According to a report by CNN, Dollar General partnered with a beauty manufacturer on the private-label line of lipsticks, eye shadows, foundations, nail polishes, and skin care essentials; and is giving it prime real estate at stores: It’s displaying the 150-product collection in dedicated sections at the end of store aisles, making it easy for customers to find.

The aspirational brand is “an important part of our strategy,” CEO Todd Vasos told the network news outlet.

Dollar General executives say they developed the brand to bolster the company’s hold on existing customers and improve its thin profit margins. Dollar General also hopes to draw Millennials with the brand. Millennials probably won’t post online about snacks or a new mop they bought at Dollar General, but they love showing off their new makeup online, CNN notes.

Dozens of Believe reviews on by beauty vloggers on YouTube already have racked up hundreds of thousands of page views. One 16-minute YouTube review from a beauty vlogger has 125,000 views.
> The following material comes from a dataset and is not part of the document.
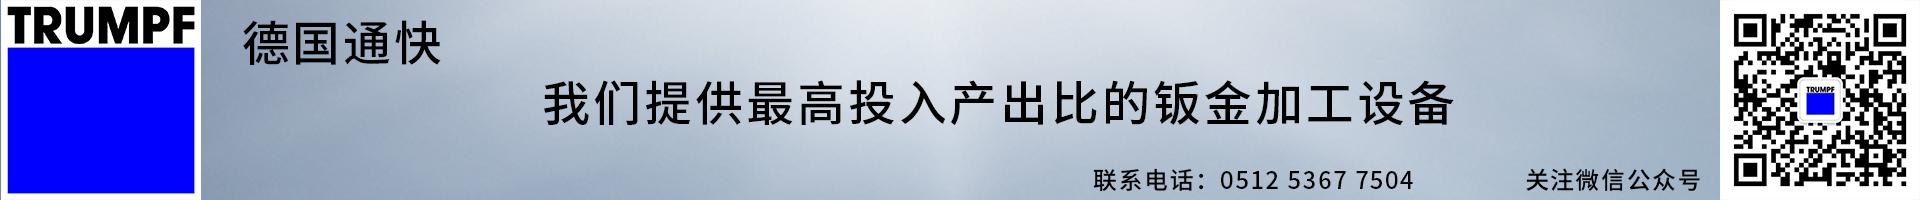 通快(中国)有限公司

Instagram is flooded with more than 3,000 posts using “#believebeauty.”

All that social media attention means free advertising for Dollar General. It boosts the company’s image with younger shoppers and is helping lift the dollar-store empire.

“People like those kind of videos because it’s something different,” Taylor Horn, a blogger who reviewed Believe on her YouTube channel, told CNN Business. Her channel has more than 750,000 followers.

“It’s cool when lines like Believe Beauty launch, where it’s accessible,” she said. “I think it’s more achievable and the things that your everyday consumer can afford.”

Dollar General is following a similar strategy to Walgreens, Target, Zara, Forever 21 and even 7-Eleven, CNN points out. These companies have all added their own in-house cosmetics lines in recent years.